Радио-ТСХ: Предварительно покрытые силикагелевые пластины 60 F254 (Merck). Градиент: н-гексан/этилацетат 50:50. Для измерения распределения радиоактивности на пластинах ТСХ использовали устройство для быстрой визуализации Instant Imager (Packard Bioscience). Rf: 0,65.

Радио-ВЭЖХ: Аналитическую радио-ВЭЖХ осуществляли на системе Agilent (1100 series), оборудованной УФ детектором, последовательно соединенным с γ-детектором (Bioscan Flow-Count). Колонка Phenomenex Luna С18(2) (150 х 4,6 мм, 5 мкм), поток 1,0 мл/м с градиентом 20-80% Б за 20 мин (УФ детектирование при 214 и 254 нм объединяли с γ-детектором). Rt 14,4 мин.

Очистка

Неочищенную реакционную смесь, содержащую 2,3,5,6-тетрафторфениловый эфир -[¹⁸F]фторникотиновой кислоты в 2 мл ацетонитрила, разбавляли дистиллированной водой до 30% ацетонитрила. Водный раствор пропускали через картридж Oasis МСХ plus (подготовленный согласно рекомендациям производителей). Затем картридж ополаскивали 5 мл дистиллированной воды. После этого очищенный продукт элюировали из колонки 100% ацетонитрила с радиохимической чистотой выше 90%. Все остатки непрореагировавшего предшественника, представляющего собой метансульфонат триметил-[5-(2,3,5,6-тетрафторфеноксикарбонил)-пиридин-2-ил]аммония, оставались на картридже.
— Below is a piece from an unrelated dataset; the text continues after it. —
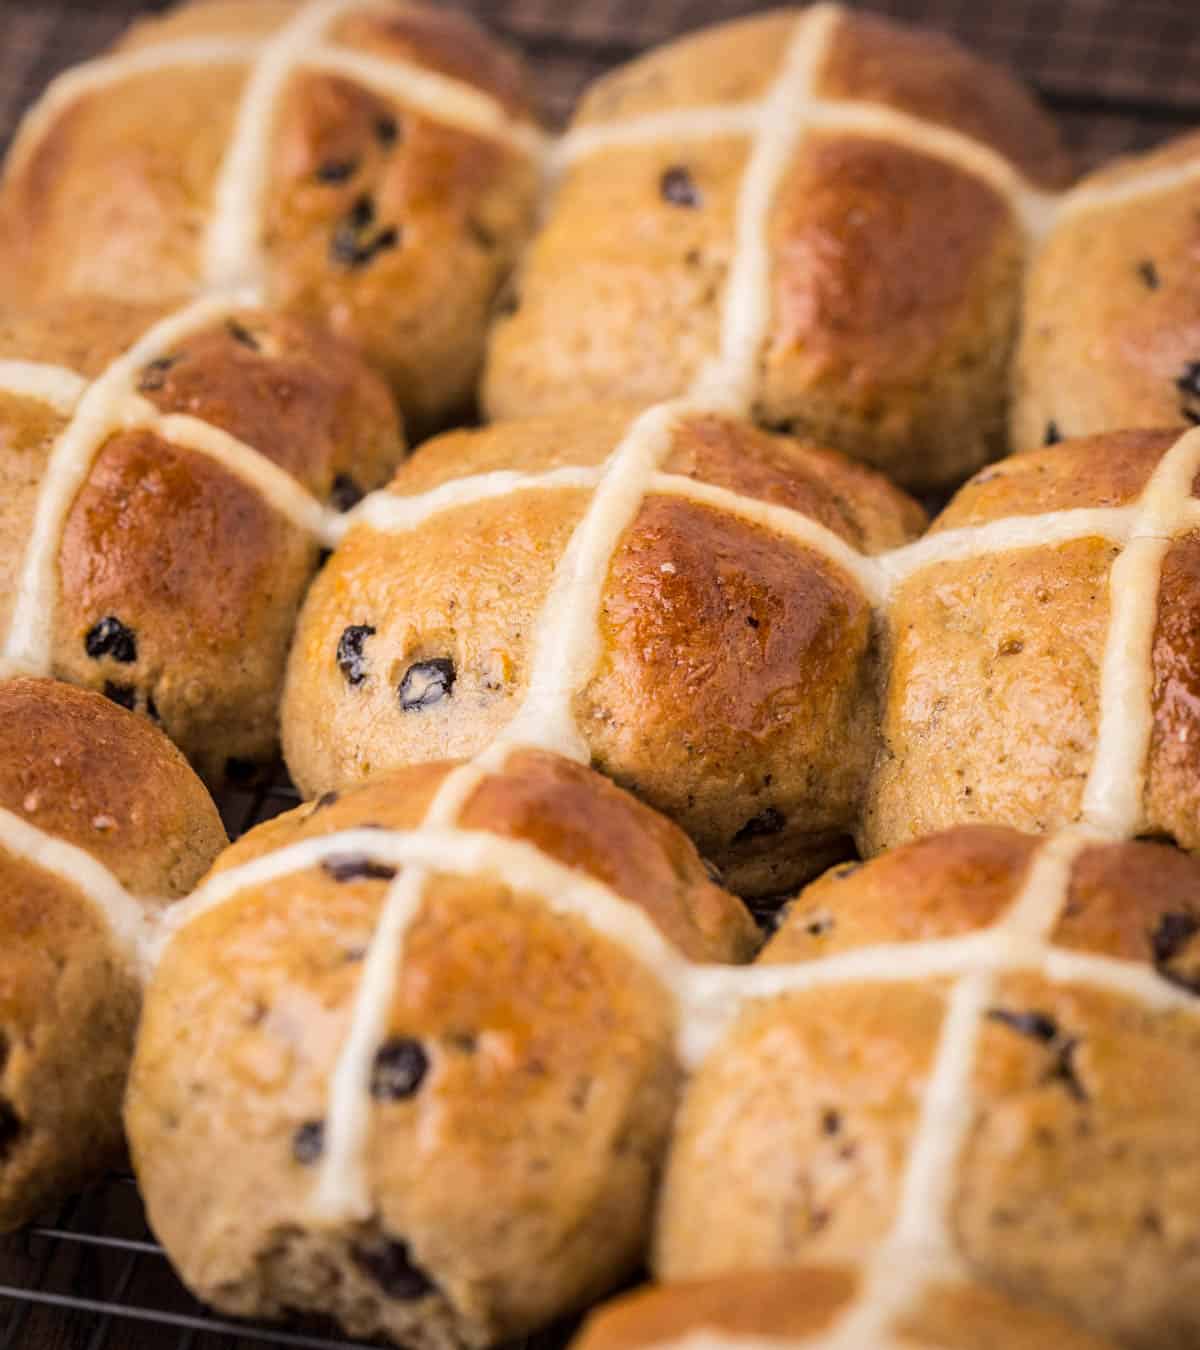 Hot Cross Buns packed together fresh from the oven.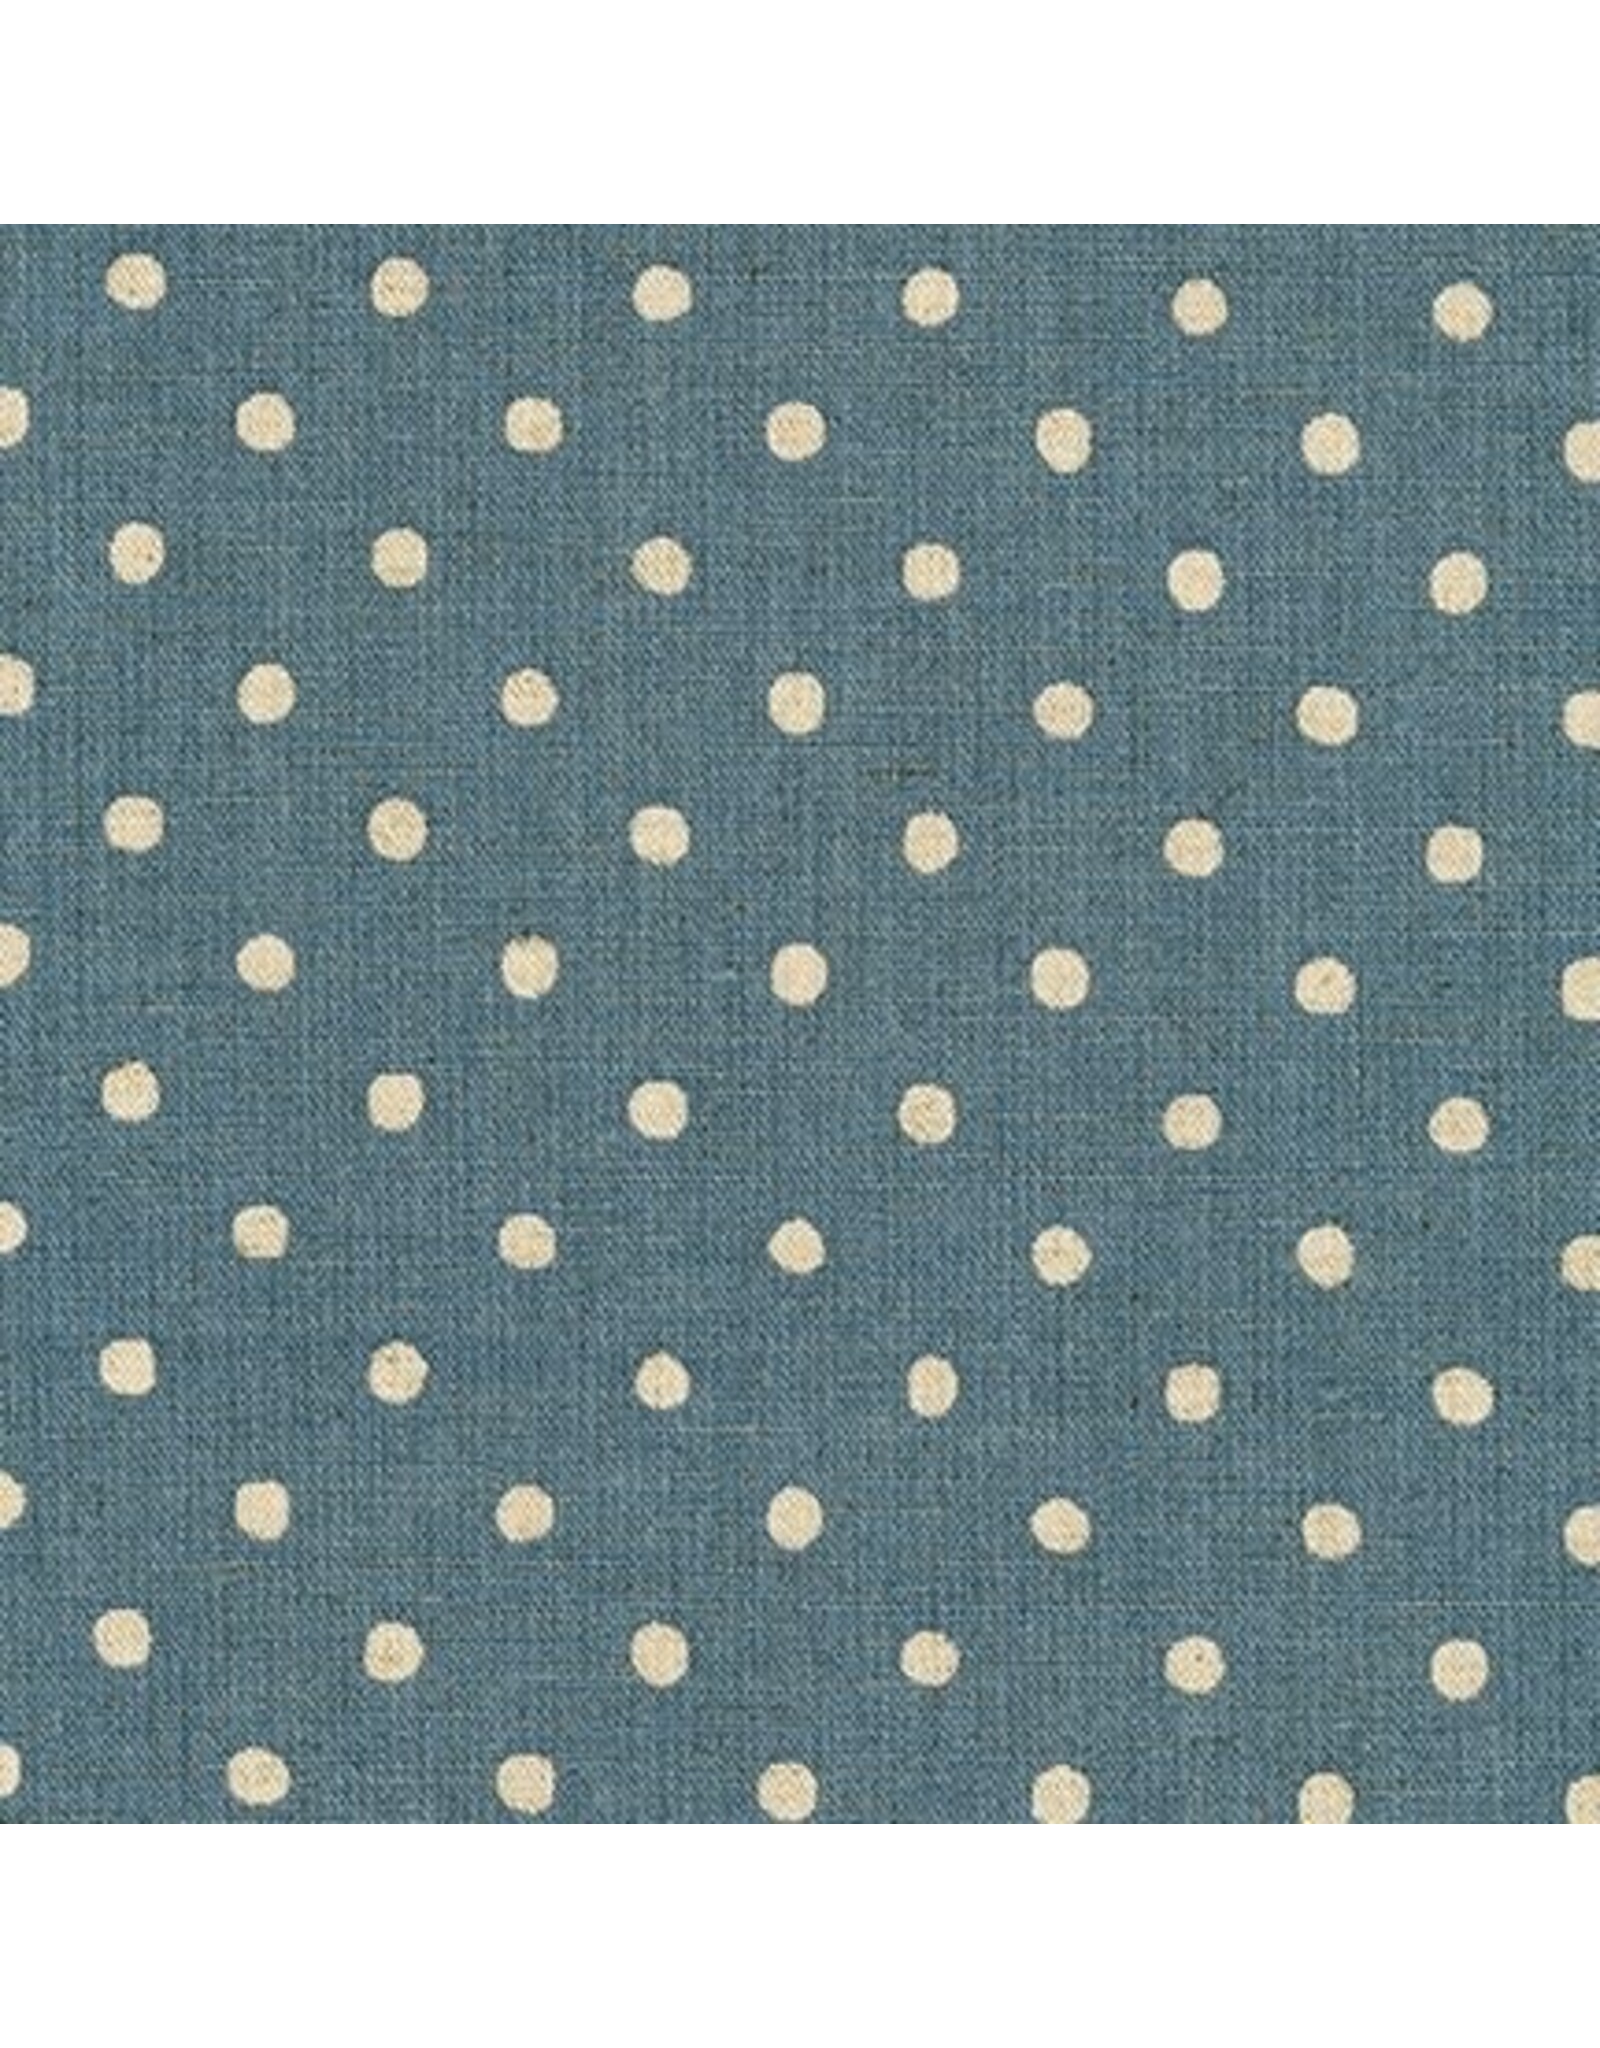 Sevenberry Linen Flax Canvas Natural Dots in Denim, Fabric Half-Yards

Пример 4: Конъюгация 2.3.5.6-тетраaторфенилового эфира 6-[¹⁸F]aторникотиновой кислоты с циклическим RGD-пептидом, имеющим свободную функциональную группу амино

К раствору очищенного 2,3,5,6-тетрафторфенилового эфира 6-[¹⁸F]фторникотиновой кислоты в 1,5 мл раствора (1:1) ацетонитрил/вода добавляли 3 мг соответствующим образом функционализированного RGD пептида (молекулярная масса: 1258,47), растворенного в 1 мл раствора (1:1) ацетонитрила и 0,1 М NaHPO₄. Полученную смесь с рН 9 нагревали до 40°C. Через 30 минут небольшую аликвоту смеси анализировали с помощью радио-ВЭЖХ. Радиохроматограмма показала превращение в желаемый продукт с выходом больше 65%. Продукт элюировали совместно с его ¹⁹F-стандартным образцом.

Радио-ВЭЖХ: Аналитическую радио-ВЭЖХ осуществляли на системе Agilent (1100 series), оборудованной УФ детектором, последовательно соединенным с γ-детектором (Bioscan Flow-Count). Колонка Phenomenex Luna С18(2) (150×4,6 мм, 5 мкм), поток 1,0 мл/м с градиентом 0-40% Б за 20 мин (УФ детектирование при 214 и 254 нм объединяли с γ-детектором). Rt 10,0 мин.